Sun, 16 Oct 2005 14:36:28 GMT  
 Some simple STL doubts.

Quote:

> I am learning STL these days.
> I have some doubts.Could someone please help me.
> 1. A class is defined as follows -
> class U{
> public:
> unsigned long id;
> U () : id (0) {}
> U (unsigned long x) : id (x) {}
> };

> In the main function -
> vector<U> vector1, vector2(3);
> Later in the program a stmt like this appears
> assert ( vector2[0] == U () && vector2[1] == U() && vector2[2] == U ());
> My question is that can a constructor be called explicitly like this.
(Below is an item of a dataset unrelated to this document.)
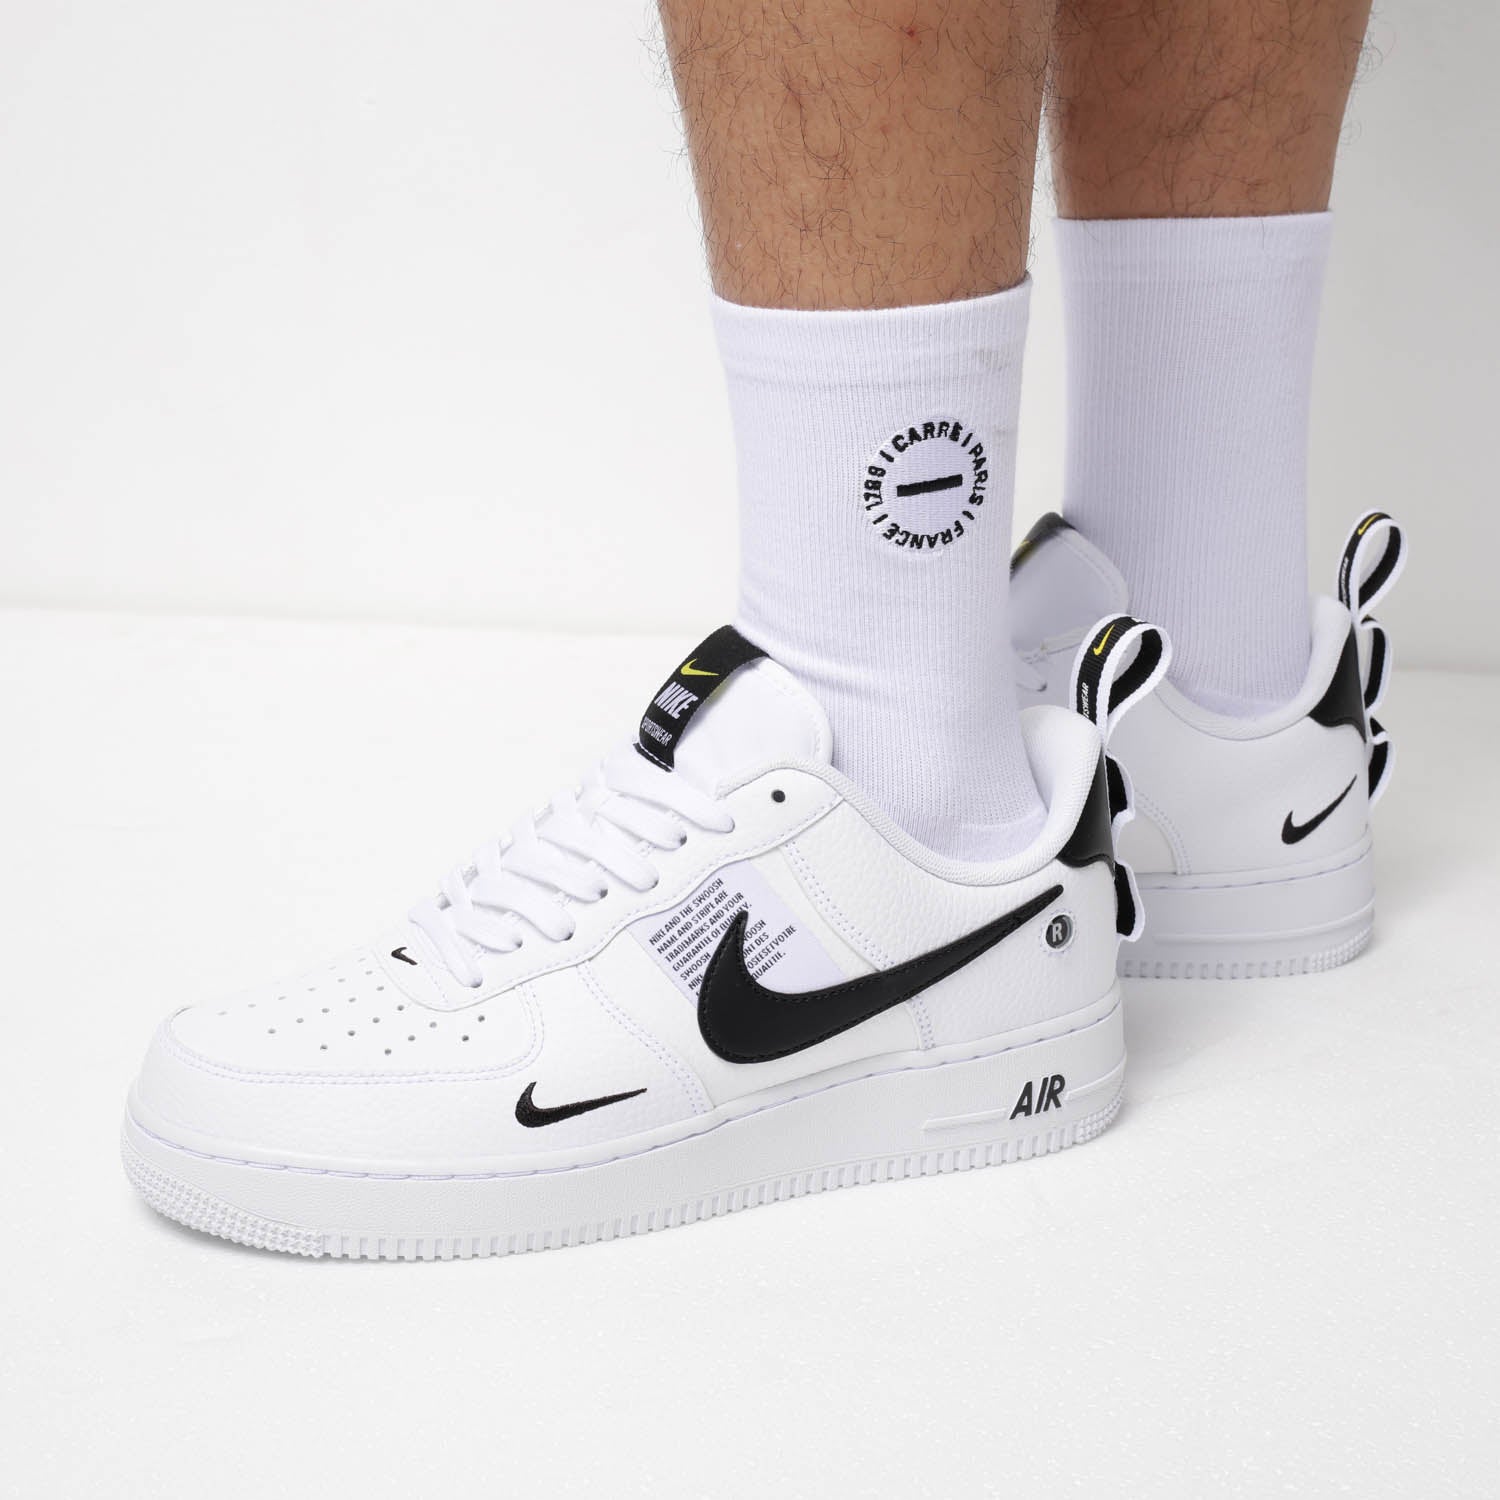 nike air force 1 overbranded women's

I
> thought constructor is invoked only when an object is declared or through
> new.
> How does the above line work ?

In each instance, the vector item on the left is compared against a
default-constructed U temporary.  The "U()" is not a call to the
constructor per se as it also creates an unnamed temporary.

Quote:
> 2. Function objects.
> How does a function object work?
> E.g.
> int mult (int x, int y) { return x*y;}

> Main-
> int x[5] = {2, 3, 4, 5, 6}
> vector<int> vector1 (x, x+5);
> int product = accumulate (vector1.begin (), vector1.end (), 1 , mult);
> How does the mult function get the two parameters or what is the call
> sequence?

If accumulate is specified to use a function that takes two arguments,
it will specify them in the call.  You don't have a function object
there, though.  This would be the function object version:
    struct mult
    {
        int operator()(int x, int y) { return x*y; }
    };

--
Craig Powers
MVP - Visual C++



Sun, 16 Oct 2005 21:55:53 GMT  
 
 [ 2 post ]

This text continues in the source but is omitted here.